Se questa calma del dollaro è effettivamente sintomo di un attacco di sfiducia sulla capacità americana di servire il debito, essa potrebbe ridiventare debolezza vera e propria.

Solo in uno scenario del genere il calo del dollaro rappresenta un rischio di lungo termine,

e in quel caso il rischio si estenderebbe rapidamente ai Paesi debitori (emergenti, area-euro).

Quindi procedo così:

* operando da area-euro, ho protetto a breve termine (settimane) le posizioni in dollari acquistando dei put dollaro sulle basi 1.22, 1.23 e 1.25.

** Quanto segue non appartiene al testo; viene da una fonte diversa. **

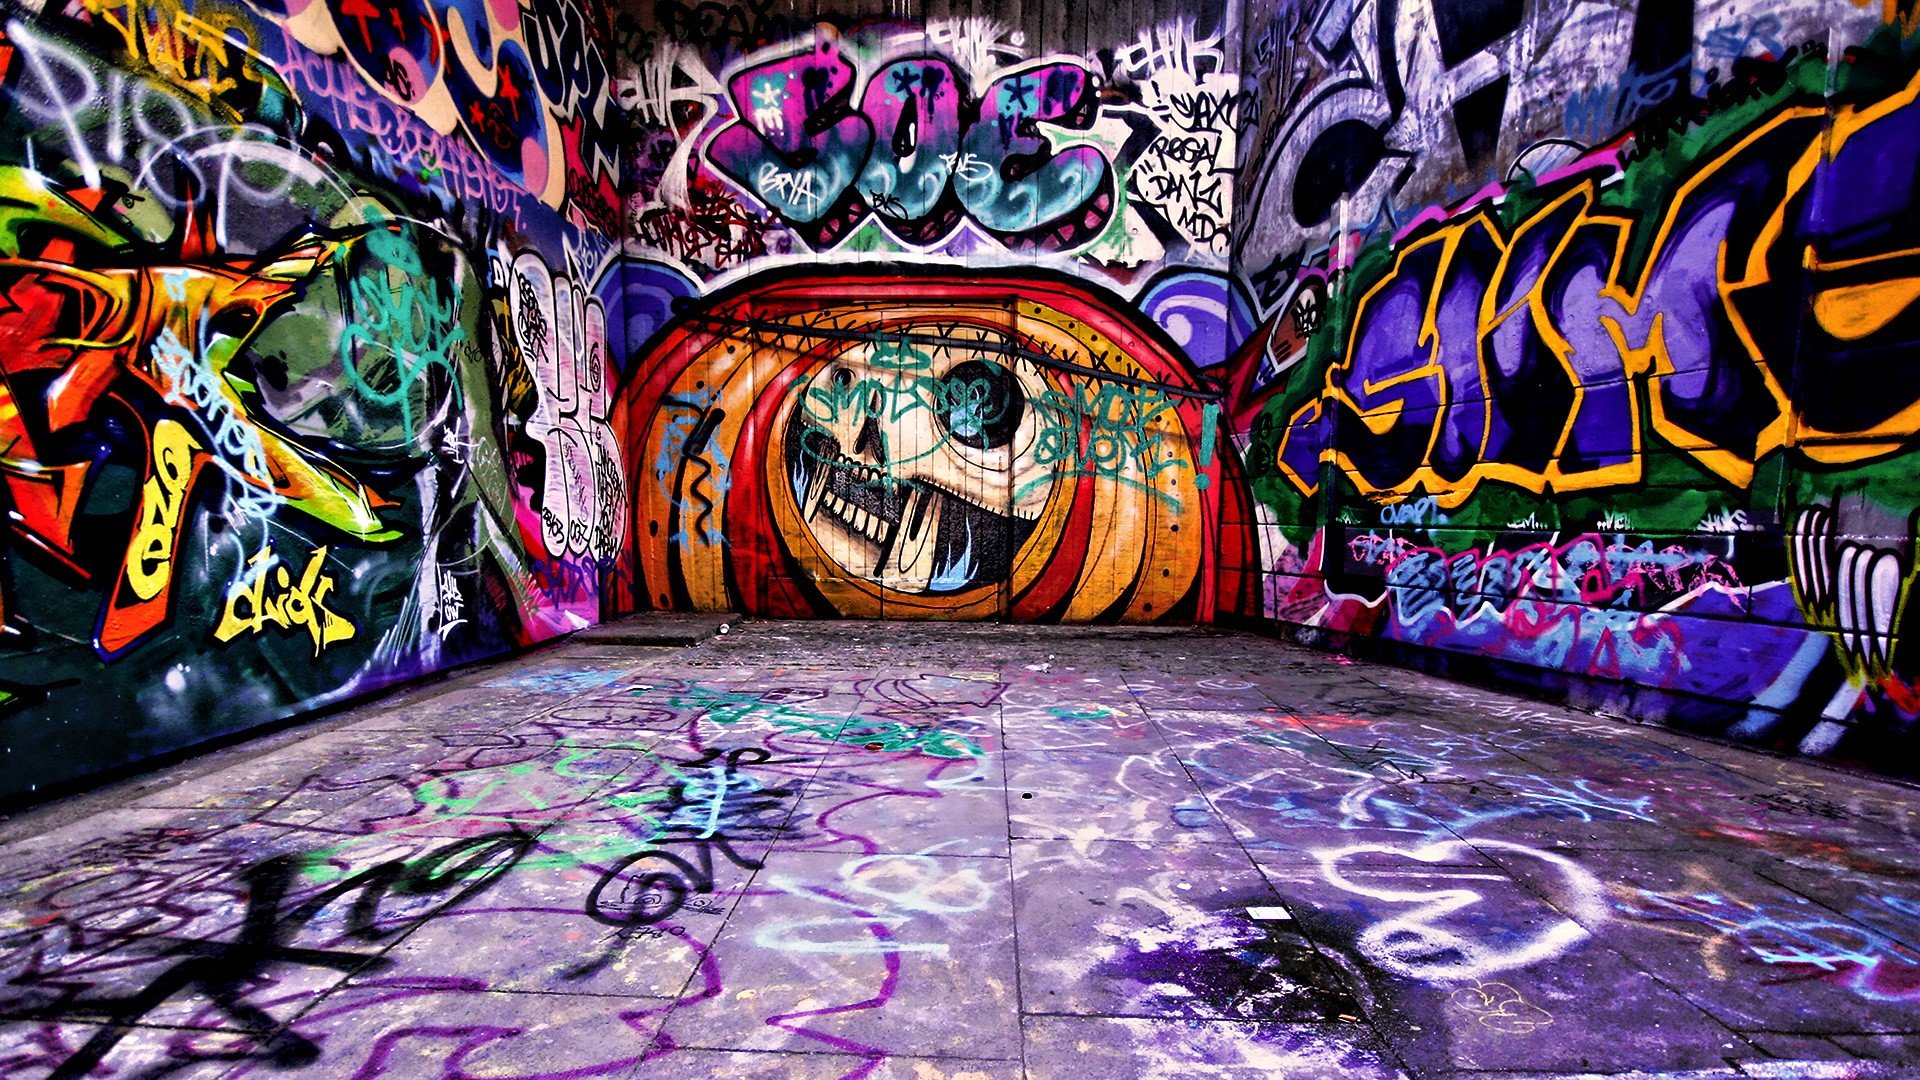 graffiti rapper child wallpaper other dead wallpapers

Serve a coprire le posizioni export o creditorie verso dollaro.

Ritengo che a lungo/lunghissimo termine non ci siano ancora indicazioni di un recupero dell'euro contro dollaro.

* Invece, per i portafogli d'investimento, gestione di tesoreria o speculazione, preferisco spostare le posizioni dal dollaro allo yen (restando comunque fuori dall'euro), se nei prossimi giorni il dollaro intaccherà anche 108.

Il segnale definitivo di ribasso del dollaro sarà a 105.

Può anche essere utile, in alternativa, acquistare dei put dollaro 105 a breve scadenza (venti giorni).